Preparation for model training

[ Shag 2 ] At this stage, I’m, first, downloading the collected dataset with Kudav to Kaggle and checking if it’s properly loaded. Second of all, I’m building a directory, and I’m copying all the dataset files there, and I’m rechecking again that everything works right.

Original size 1920x942

Establishment of a directory

Original size 1920x942

It’s working!! Hey, hey, hey, hey, hey, hey, hey, hey, hey, hey, hey, hey, hey, hey, hey, hey, hey, hey, hey, hey, hey, hey, hey, hey, hey, hey, hey, hey, hey, hey, hey, hey, hey, hey, hey, hey, hey, hey, hey, hey, hey, hey, hey, hey, hey, hey, hey, hey, hey, hey, hey, hey, hey, hey, hey, hey, hey, hey, hey, hey.

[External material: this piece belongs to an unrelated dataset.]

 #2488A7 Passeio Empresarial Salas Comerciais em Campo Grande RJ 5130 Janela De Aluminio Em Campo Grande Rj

[ Shag 3 ] Then I generate prompts to the pictures so I can neuralize what’s in the photo. To that end, I download the BLIP model and launch the Caption_images function, which describes and describes every picture of Kudawa from the dataset. Everything is recorded in the variable imgs_and_paths, where this list of images with signatures is created. The list is then collected in a file, where every signature is now accompanied by a photo of KUDAV snake, which is responsible for ensuring that the model then refers specifically to Kudava when producing its images. At the end, I remove this model from memory to make room.

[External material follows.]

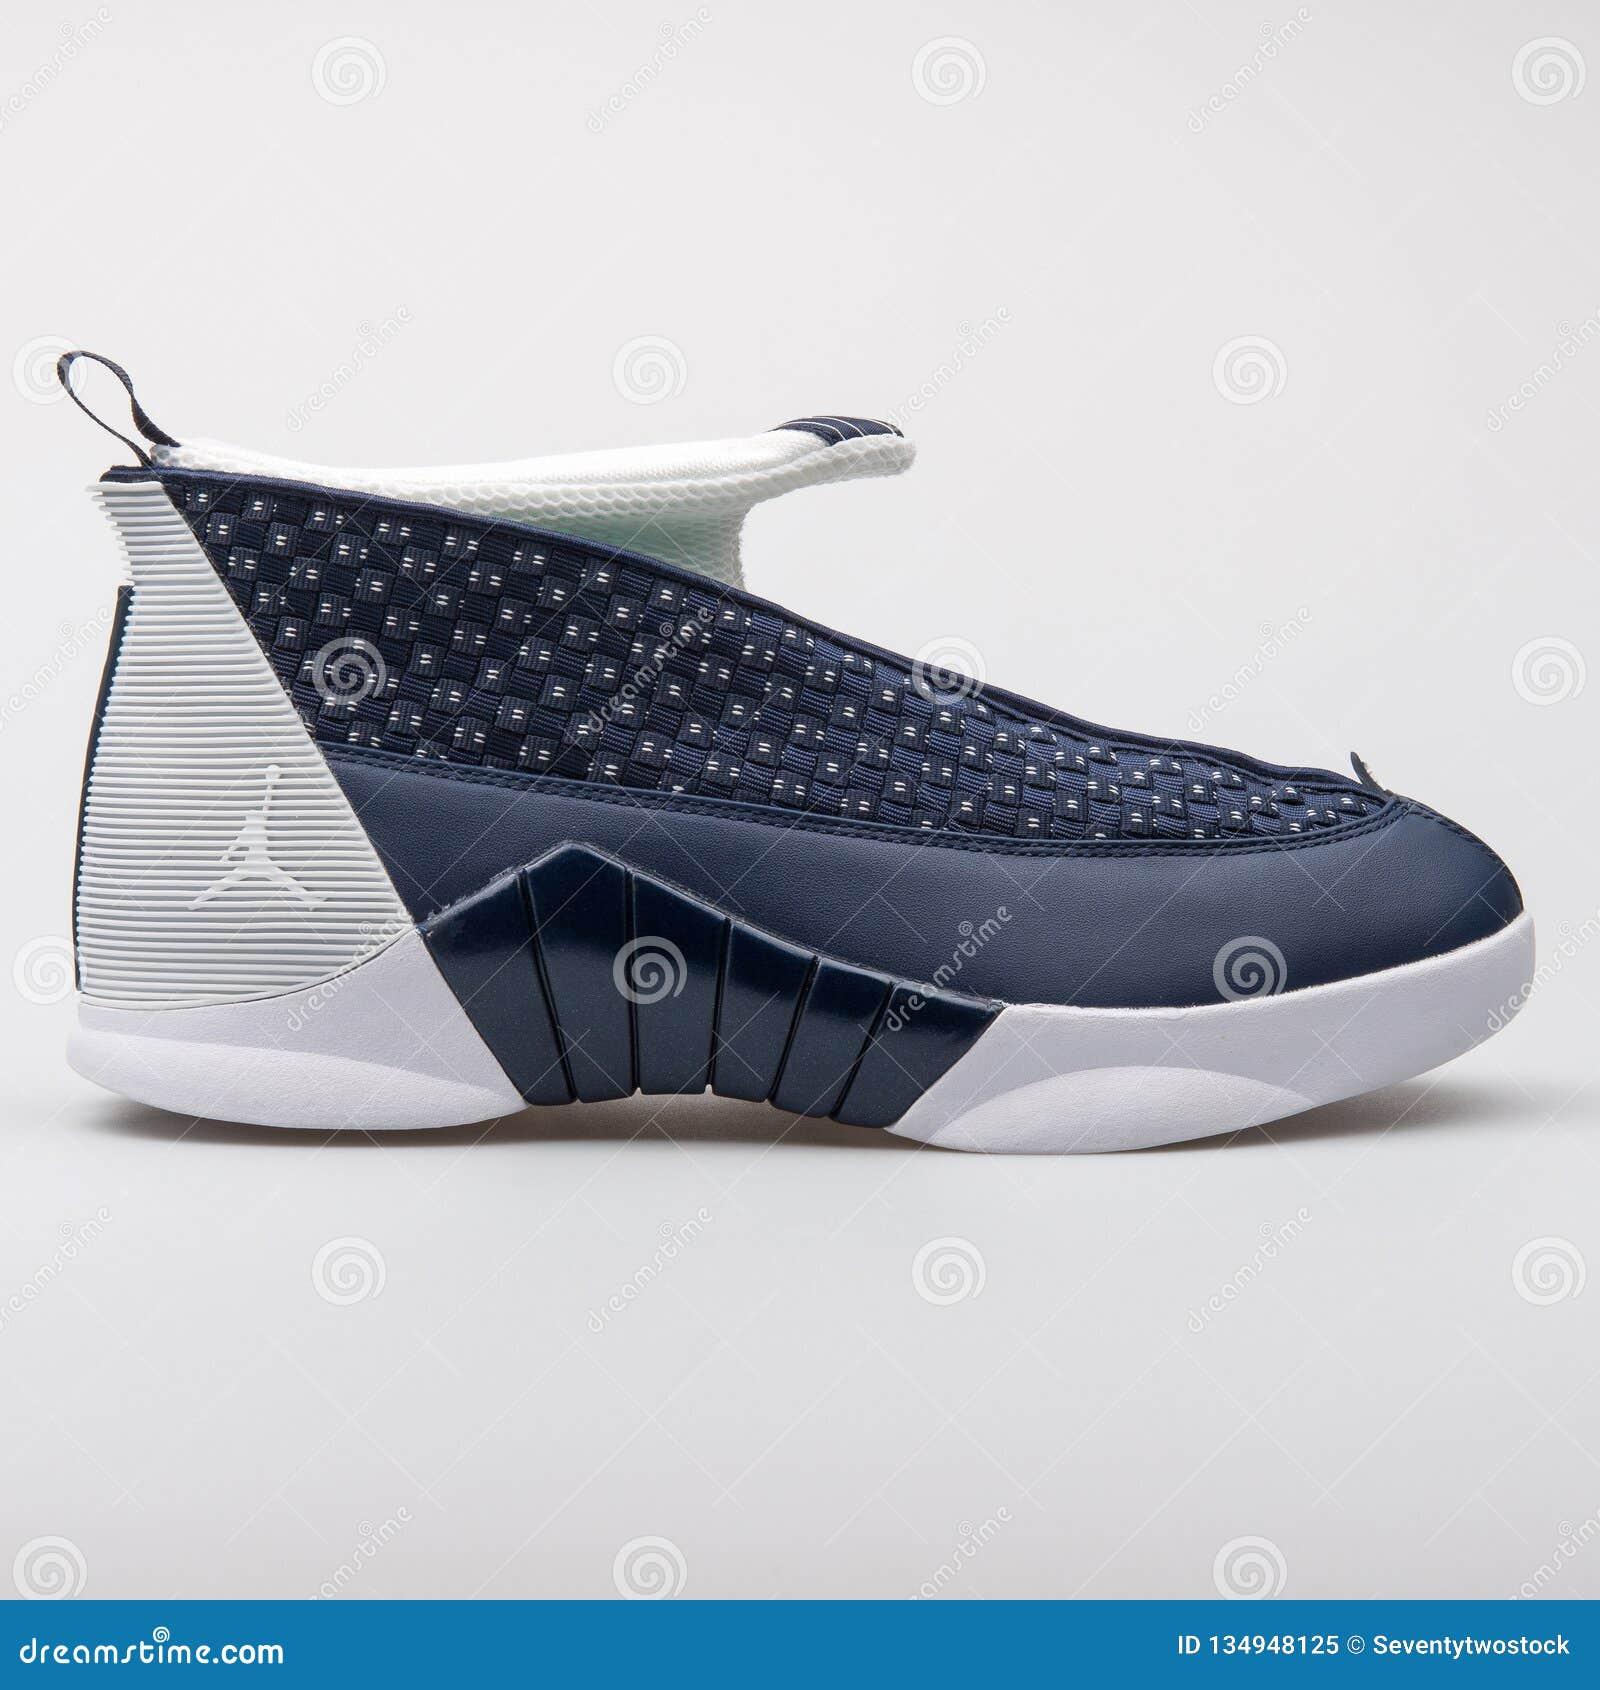 newest f816c 89f45 Nike Air Jordan 15 Retro Sneaker Editorial Image - Image of ...

BLIP image creation process

Original size 1920x942

Example of outcome 3 steps

[ Shag 4 ] At this stage, the script accelerate needs to be initialized so that the model can eventually be saved on the Hugging Face portal. Next on this portal, I created a recording and reading current that entered into the code box on the laptop, and you can start learning.

Original size 1920x942

Hugging Face connection

[ Shag 5 ] Before launching the training, it is necessary to install a dataset library and then set the parameters on the accelerate command: the name of the dateset is kudav, the directory with the model is kudav_snake_LoRA, and the code mark is a photo of KUDAV snake. In the first version of the training, I put 1024 as my photo, with the maximum number of steps, 1,000 and 512 with a checkpoint. The whole learning process was supposed to take about seven hours, but, unfortunately, after five hours of model operation, I had to start again. For the second time, I started training already in resolution 512, the total number of steps also in 1,000 and in cuppets after every 125 steps so that you could see how the model is being taught at different stages. But my laptop was full-on, so I’ve made a lot of efforts to teach neurosmart. As a result, I had a 512 resolution with 500 steps, and it took about an hour to learn the model.

Original size 1920x471

Installation of datasets library

Original size 1920x942

Model learning parameters

First attempt (disrupted)

Original size 1920x942

Learning process during second — first attempts

Original size 1920x942

Outcome parameters

Original size 1920x471

Checking the directory with a trained model.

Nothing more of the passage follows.